Новое сознание эпохи нуждалось в искусстве, но в особом искусстве, не похожем на творения античной классики. Даже жанровая картина литературы и искусства на переломе от античности к Средневековью резко меняется: одни формы художественного творчества исчезают вовсе, другие уходят на периферию, третьи решительно занимают центральные места.
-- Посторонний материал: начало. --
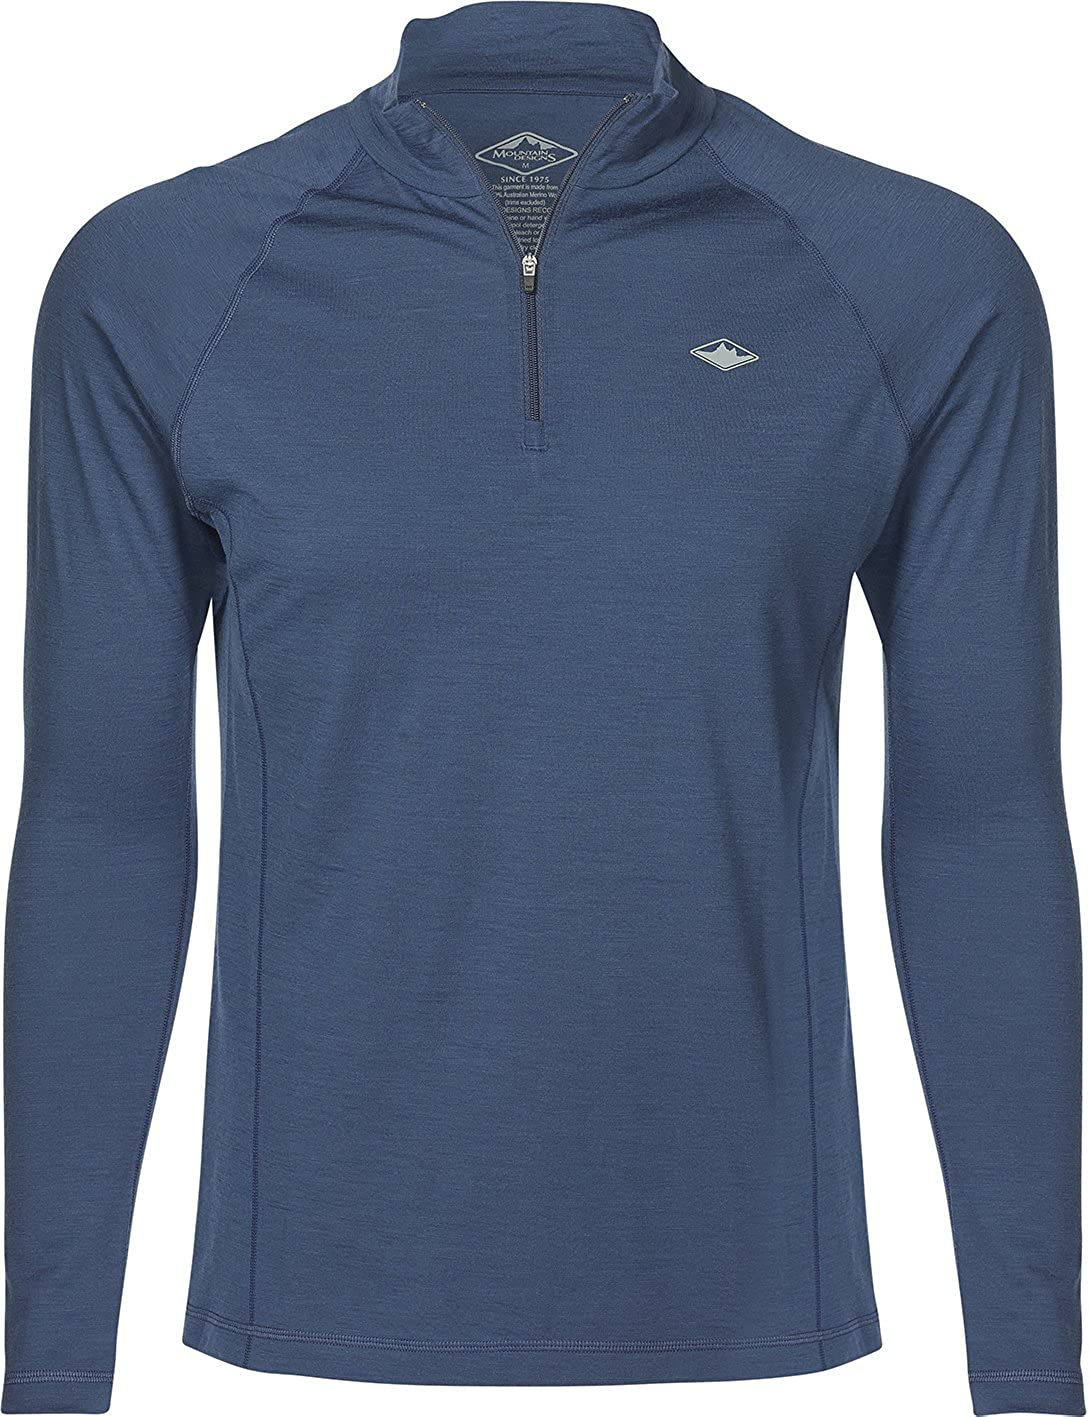 Mountain Designs Mens Merino Wool 1//4 Zip Long-Sleeve Baselayer Top

Важнейшим художественным символом греческого полиса был театр: представление трагедии в аттическом театре было великим всенародным действом, зримо являвшим духовное единство сограждан. Именно поэтому театр к исходу античности теряет смысл. Драматические жанры литературы уже века пребывали в летаргии; для эпохи. Римской империи можно назвать только трагедии Сенеки, но они написаны не для постановки, а для чтения Театр влачил существование по инерции, как один из элементов внешней декорации режима цезарей. Христианское сознание положило этому медленному угасанию конец: сам дух зрелища, показывания себя перед людьми, иллюзорного "лицедейства" казался ему предосудительным. Другой великий символ языческой эллинской культуры - статуя, кумир - также должен был в прежнем своем значении уйти в небытие вместе со всей традицией "идолопоклонства". Но на место театра и кумира становятся новые символы, в которых община выражает свои идеалы: литургия и икона. На греческой почве литургия может опереться на более богатую традицию театральных и мистериальных действ, чем на латинской, - недаром именно на греческом Востоке Псевдо-Ареопагит создал столь прочувствованную философию богослужения, - но в обоих случаях оказывается найденной адекватная самосознанию эпохи кристаллически четкая форма "предстояния" человеческого коллектива перед вечностью, как ее тогда понимали. Литургия объединяла вокруг себя целостный комплекс искусств: как отмечает В. Н. Лазарев, "церковные здания, мозаики, росписи, иконы, утварь, облачения священников, обряды таинств, песнопения, литургические тексты - все эти элементы входили в состав культа, являвшегося грандиозным художественным ансамблем, задача которого сводилась к тому, чтобы одновременно давать эстетическое наслаждение и возносить душу верующего к небесам" 54. Блеск драгоценного убранства, мелодии напевов, красноречие проповеди, благоухание ладана создавали мощное синтетическое воздействие чувственного порядка; "театральность" богослужения не уступала по своей продуманности высшим достижениям зрелищного искусства древности, - на место залитого солнцем и открытого ветрам греческого театра встает церковный полумрак, пронизанный мерцанием свечей и лампад. Этот полумрак (зримое соответствие того незримого "божественного мрака", о котором говорил Псевдо-Ареопагит) был призван скрывать очертания тел и выявлять трепет души.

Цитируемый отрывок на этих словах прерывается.